WHAT TO WORK ON:
All of the data, word for word and free of pictures, is the expected result.

COLLECTED DATA:
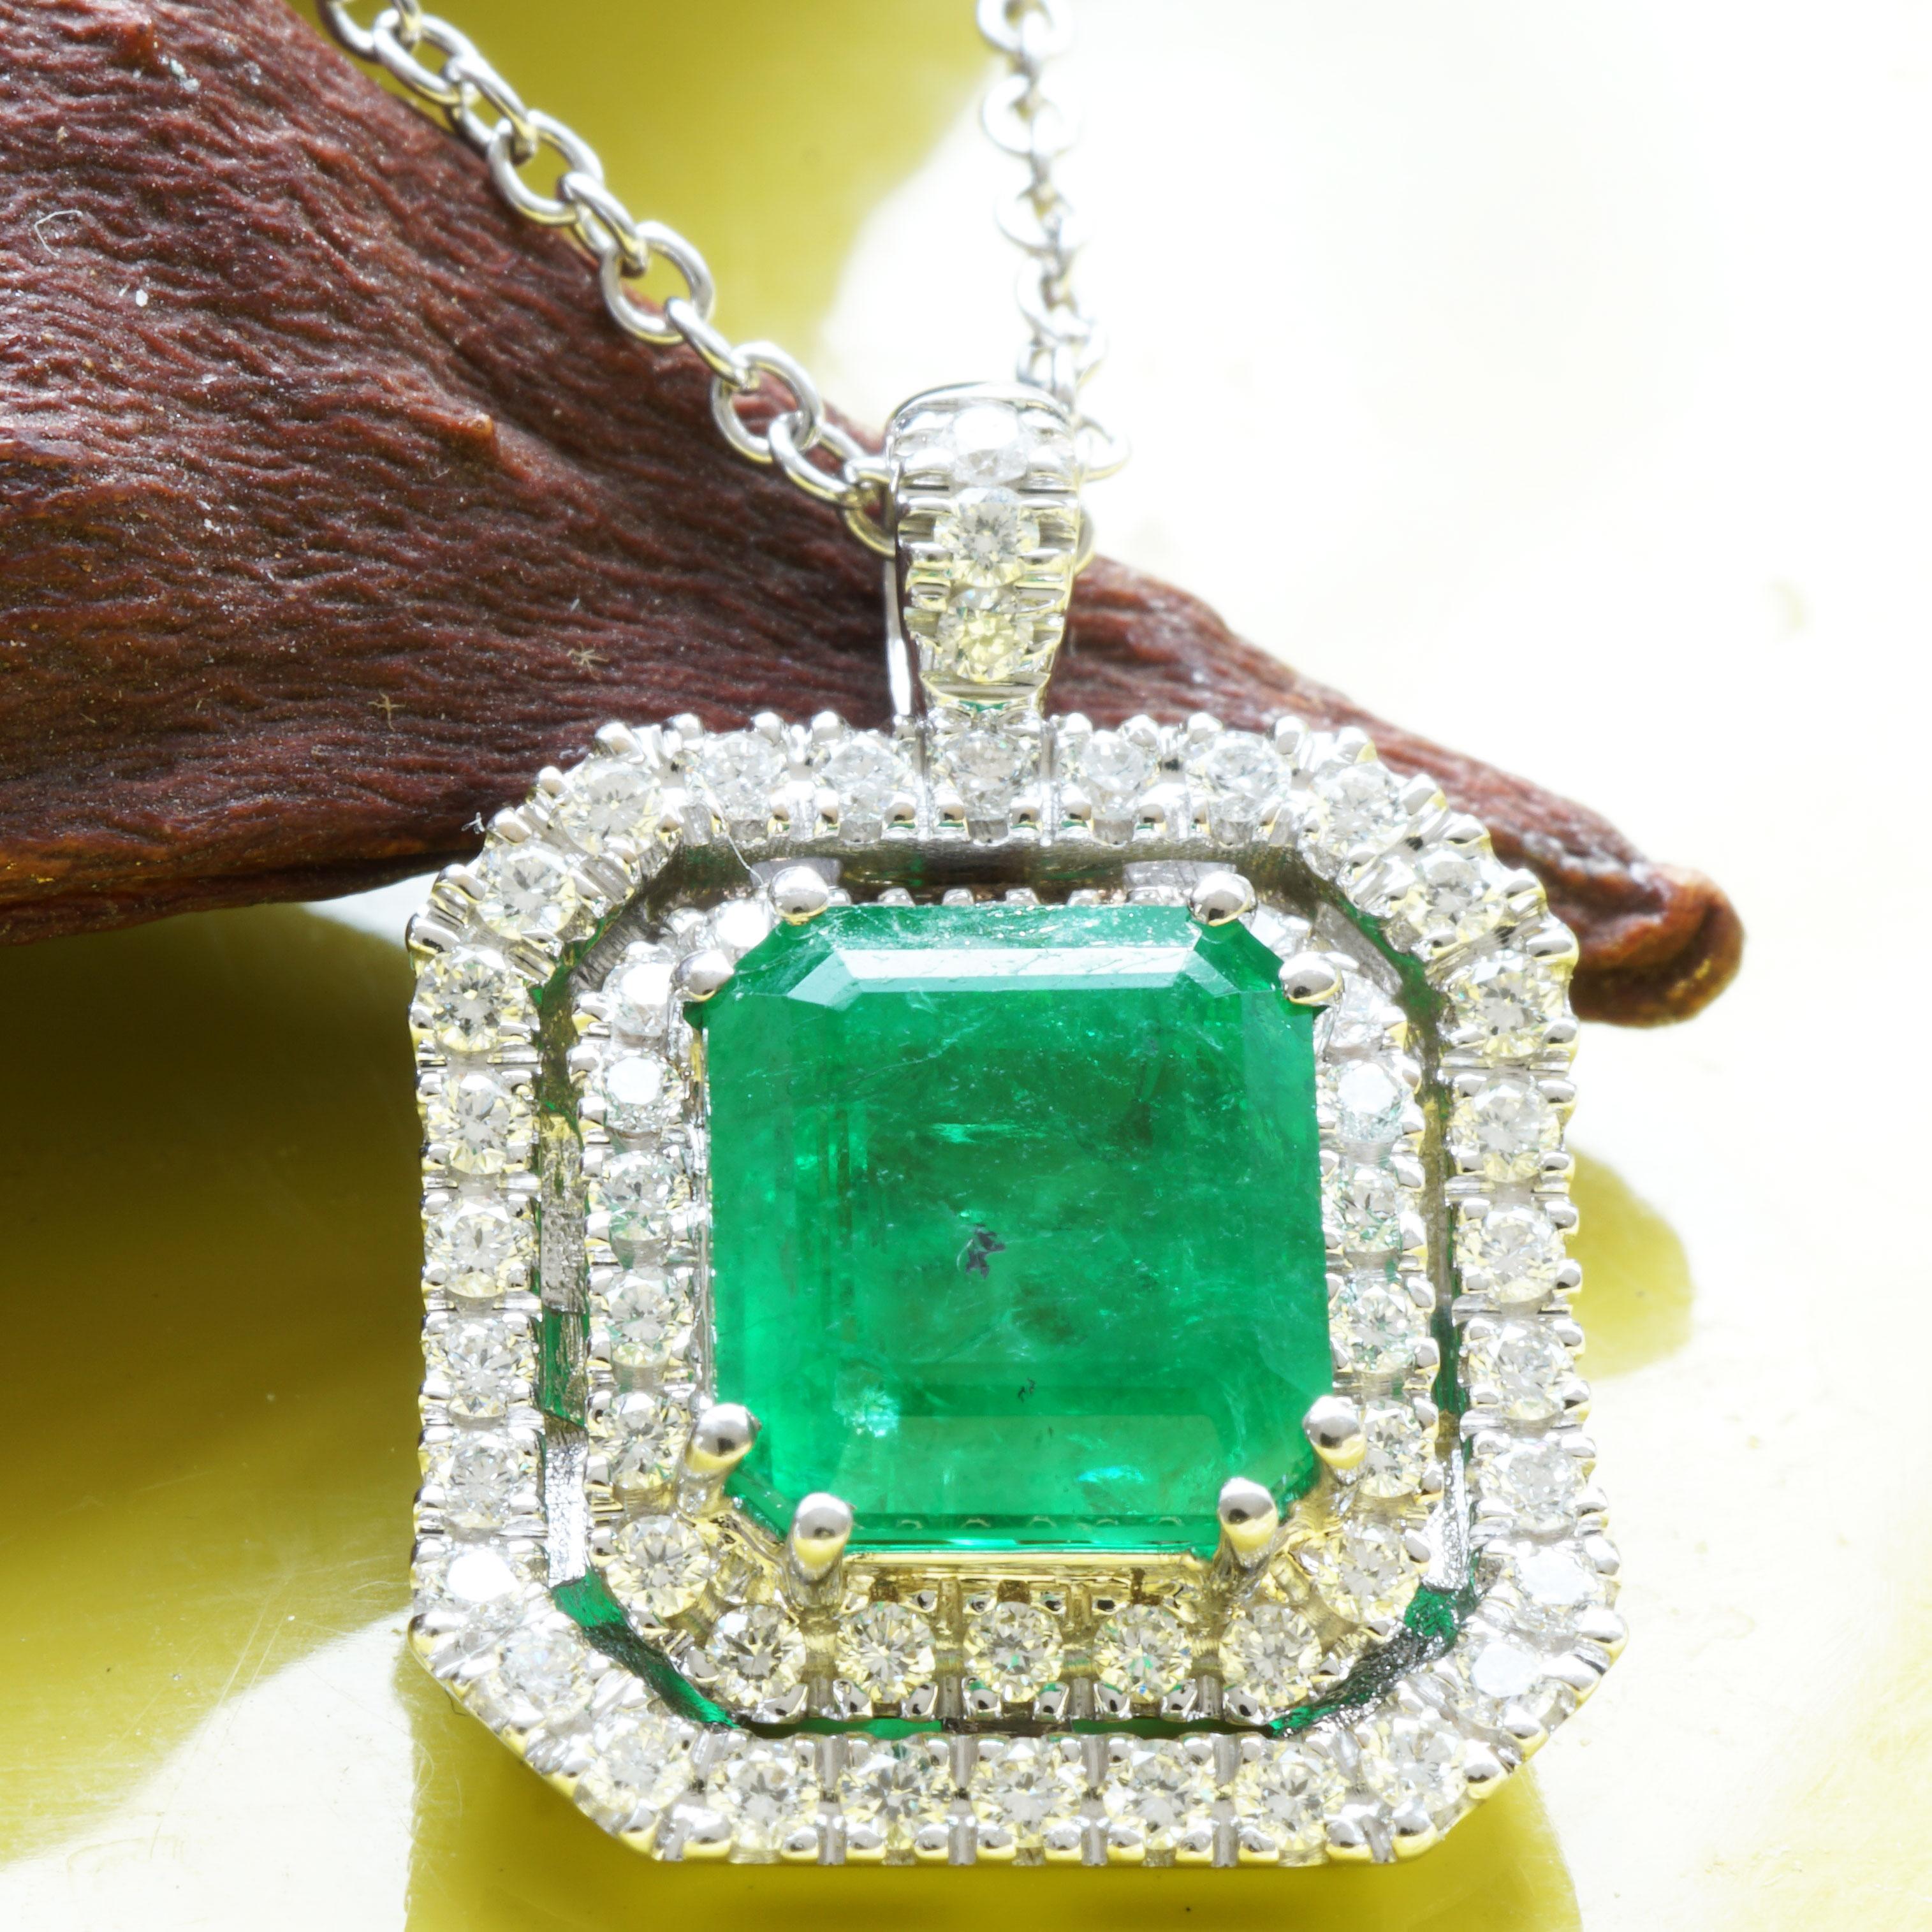 estimated value approx. 9.550,-- euros

real emeralds make you happy, here a noble pendant decorated with diamonds in halo style, a fine emerald (oiled) approx. 2.13 ct, intensive color quality, AAA+, light natural inclusions, step cut, 7.63 x 6.94
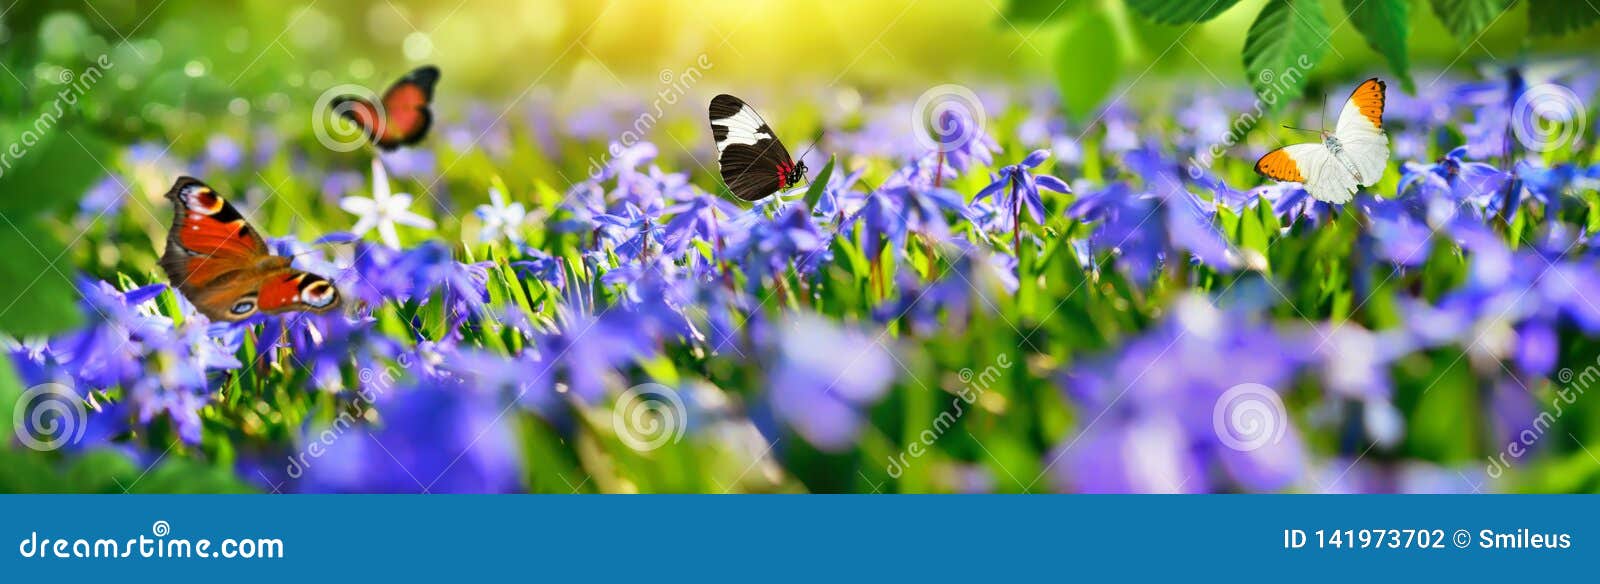 small paradise with spring flowers and butterflies

RESULT:
 estimated value approx. 9.550,-- euros

real emeralds make you happy, here a noble pendant decorated with diamonds in halo style, a fine emerald (oiled) approx. 2.13 ct, intensive color quality, AAA+, light natural inclusions, step cut, 7.63 x 6.94
 small paradise with spring flowers and butterflies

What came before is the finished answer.